**DATASET SECTION**
-----
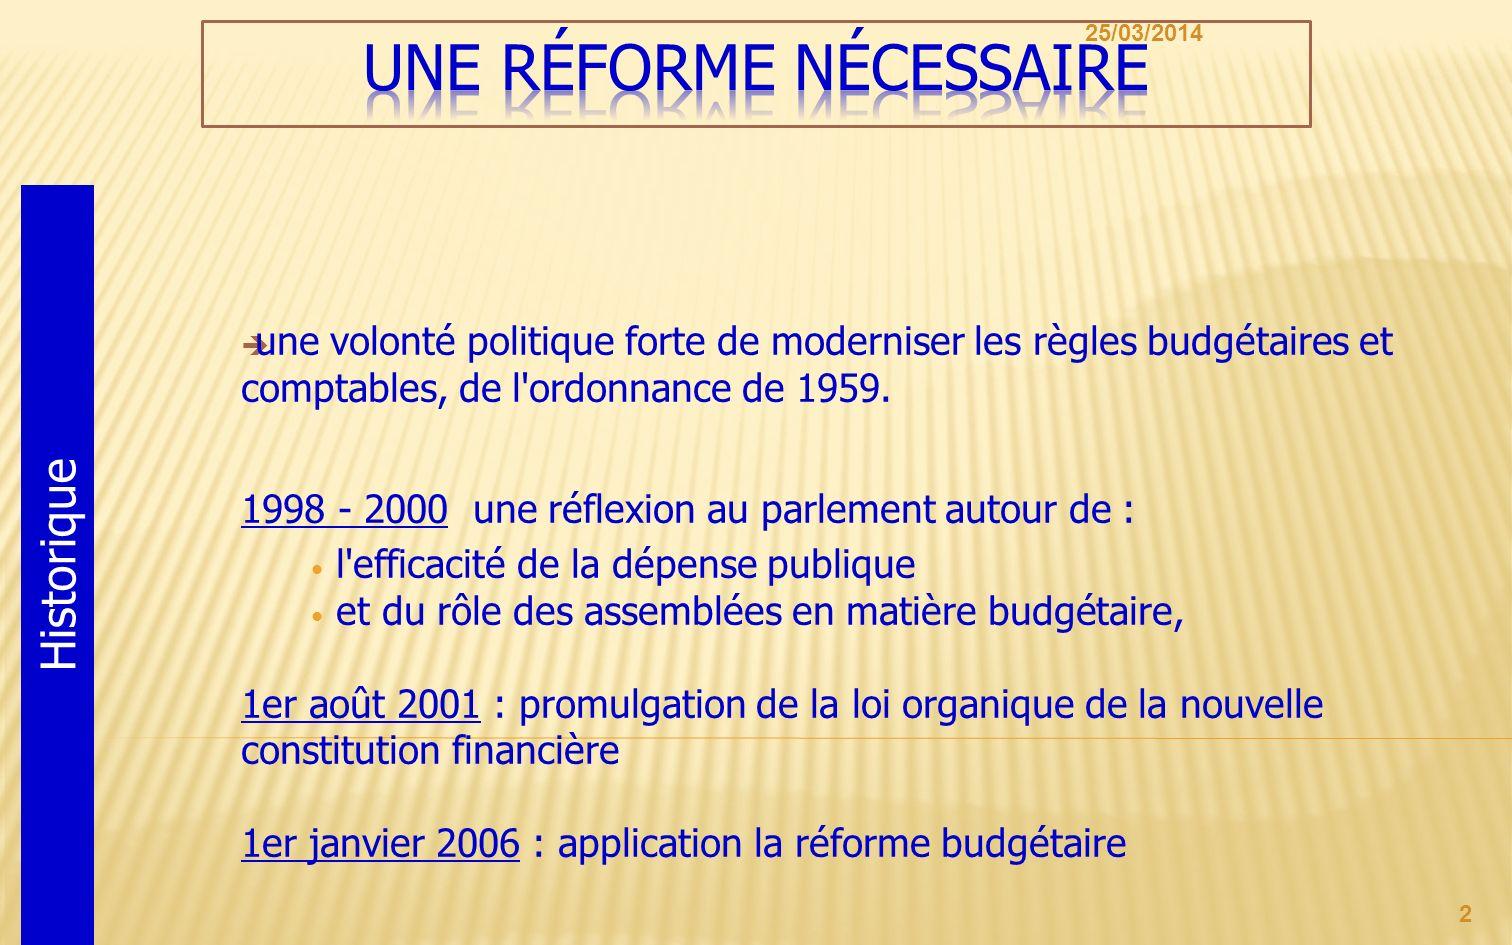 Une réforme nécessaire
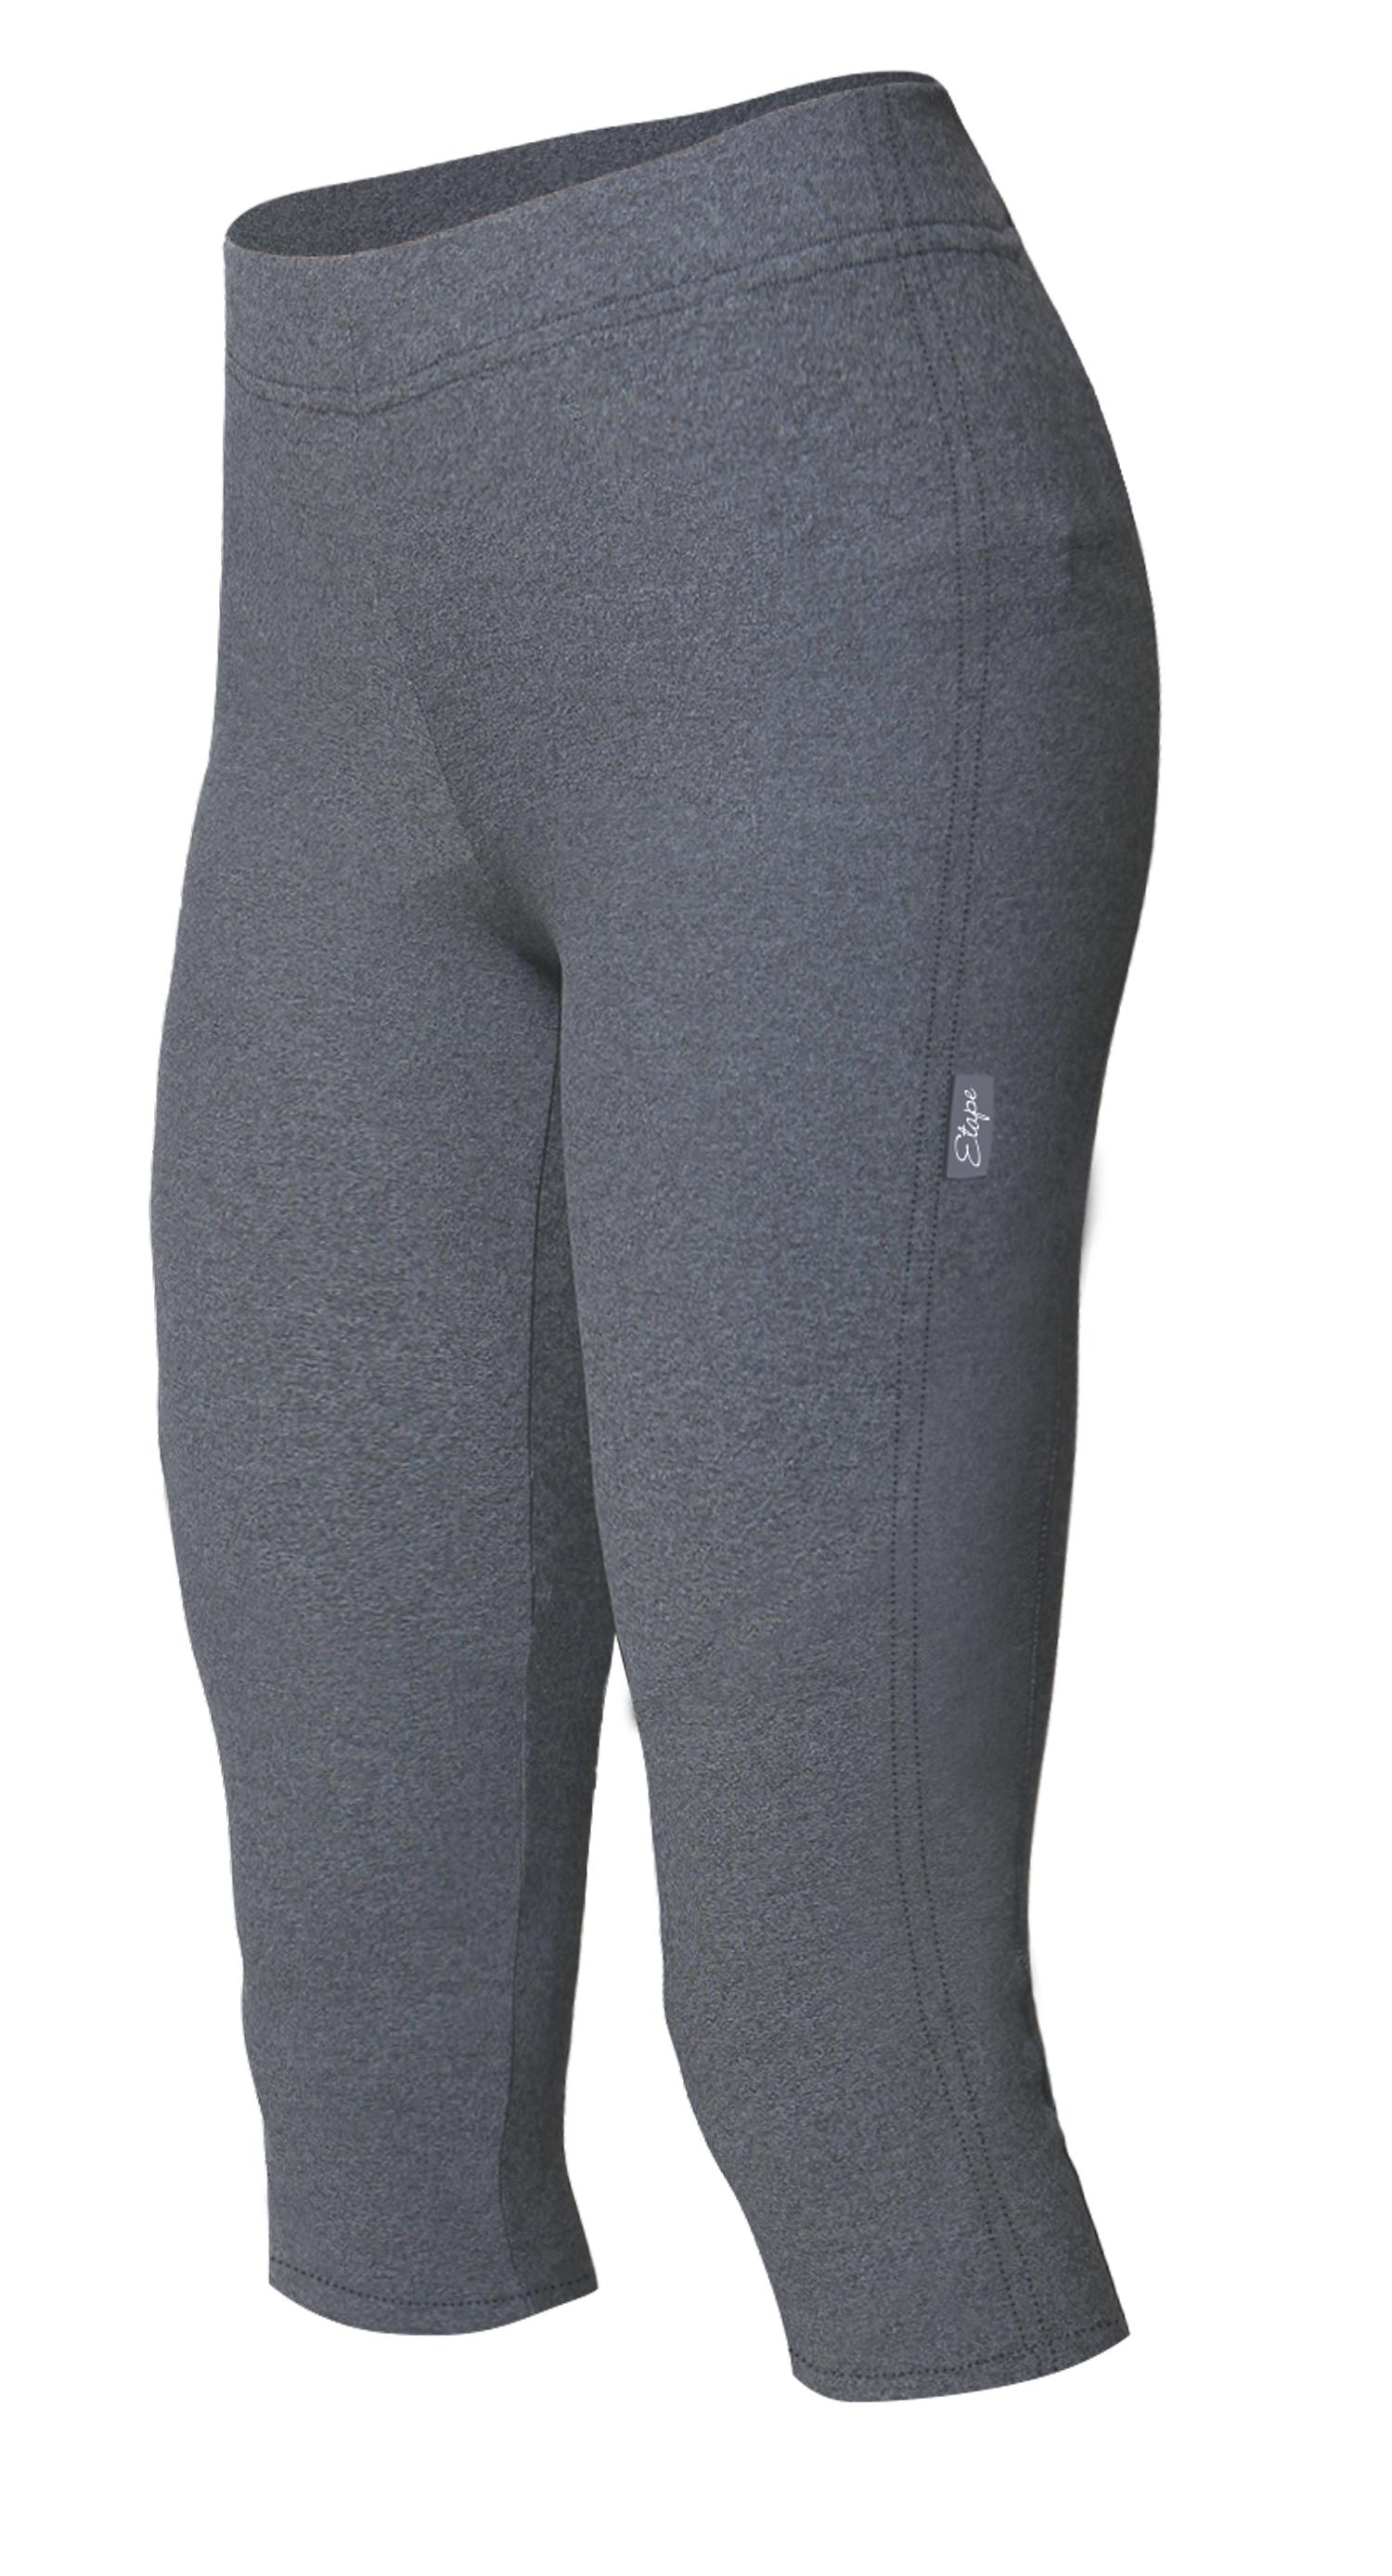 Dámské cyklistické kalhoty ETAPE Lady 3/4, vel. L, šedá, s vložkou, model 2017 (Dámské cyklistické kalhoty Etape, s dámskou elastickou vložkou )
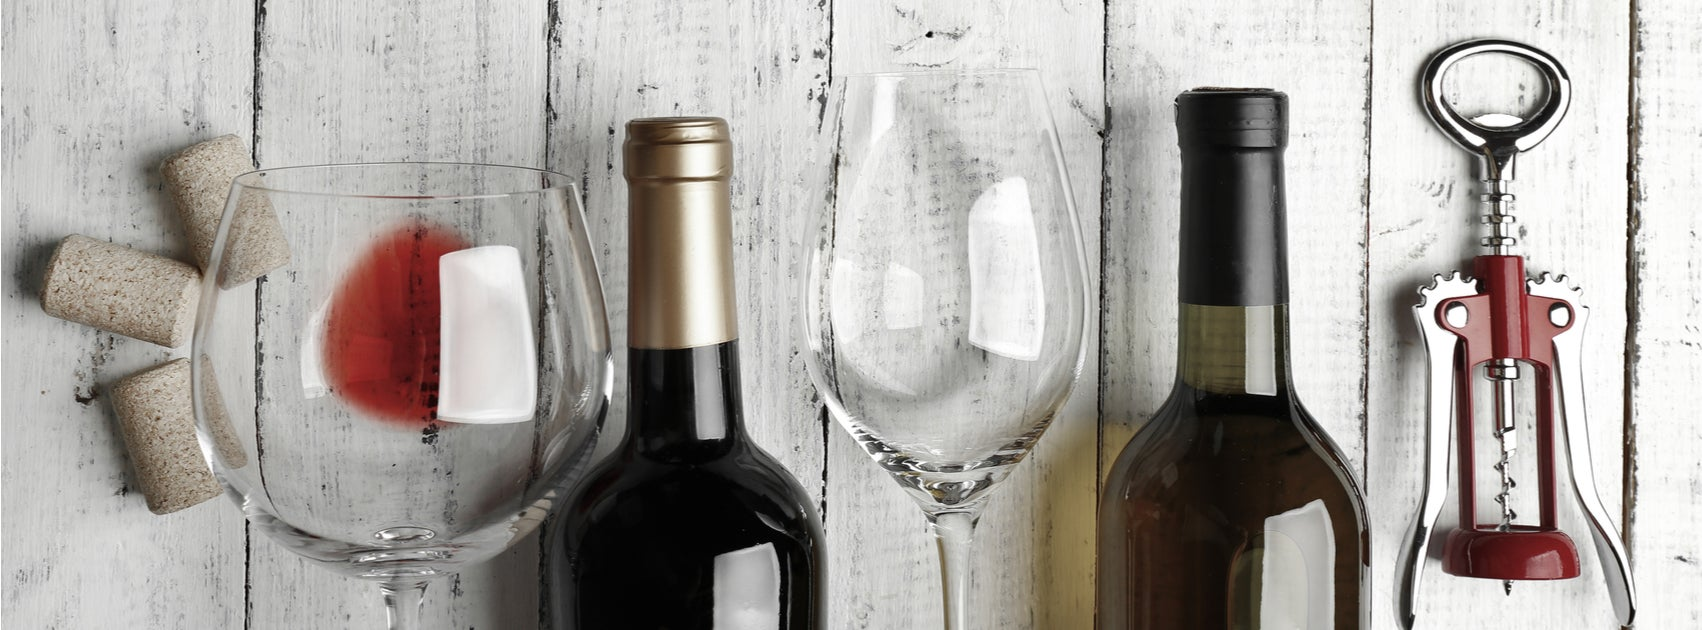 Decoración con botellas de vino y corcho
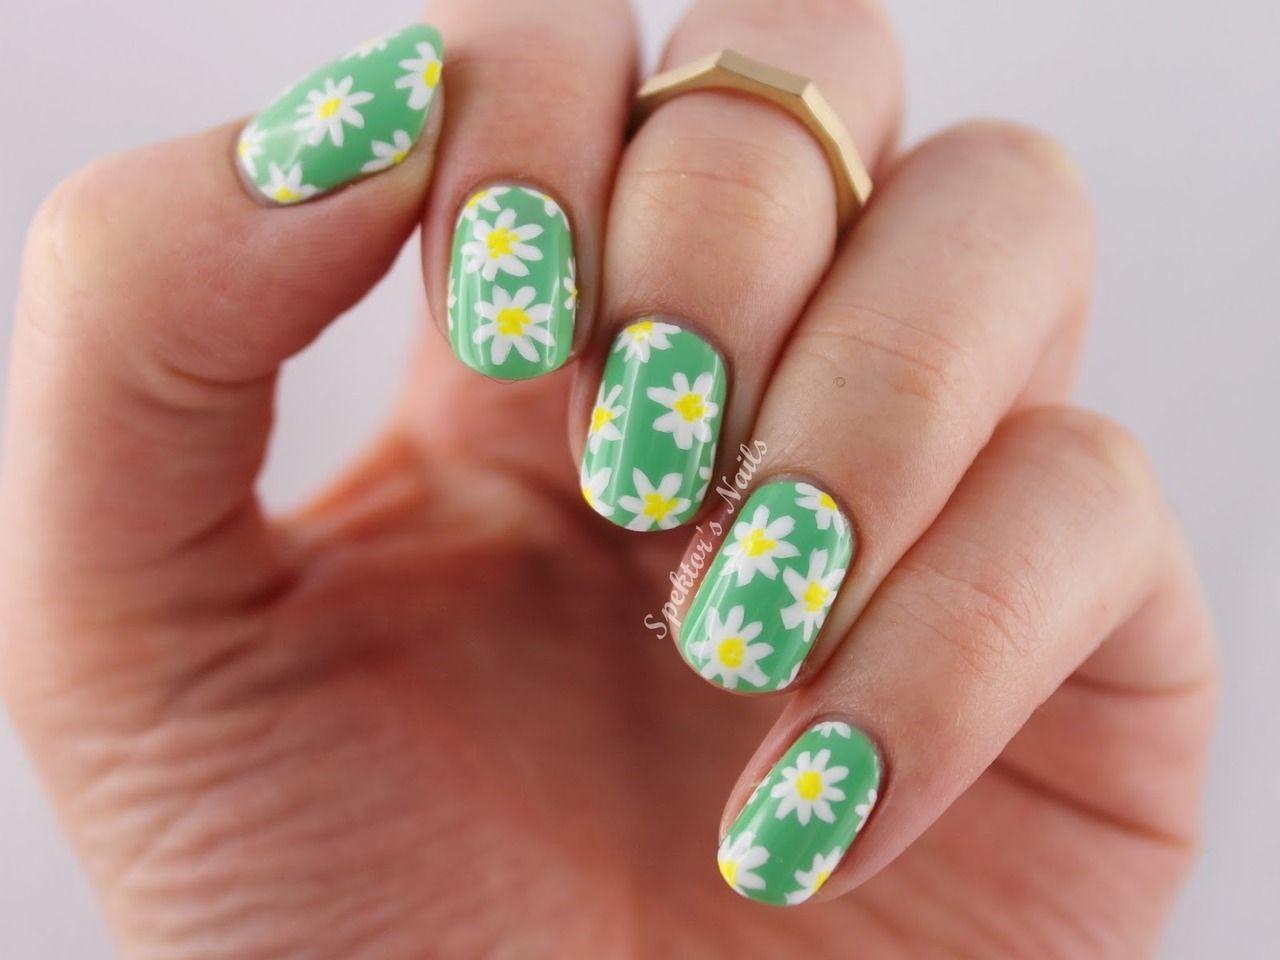 Daily nails nails daisies daisy nail art diy nails nail ideas nail ...
-----
**ACTION ITEM**
The response must match the listing exactly, except that pictures are removed.

**EXPECTED ANSWER**
 Une réforme nécessaire
 Dámské cyklistické kalhoty ETAPE Lady 3/4, vel. L, šedá, s vložkou, model 2017 (Dámské cyklistické kalhoty Etape, s dámskou elastickou vložkou )
 Decoración con botellas de vino y corcho
 Daily nails nails daisies daisy nail art diy nails nail ideas nail ...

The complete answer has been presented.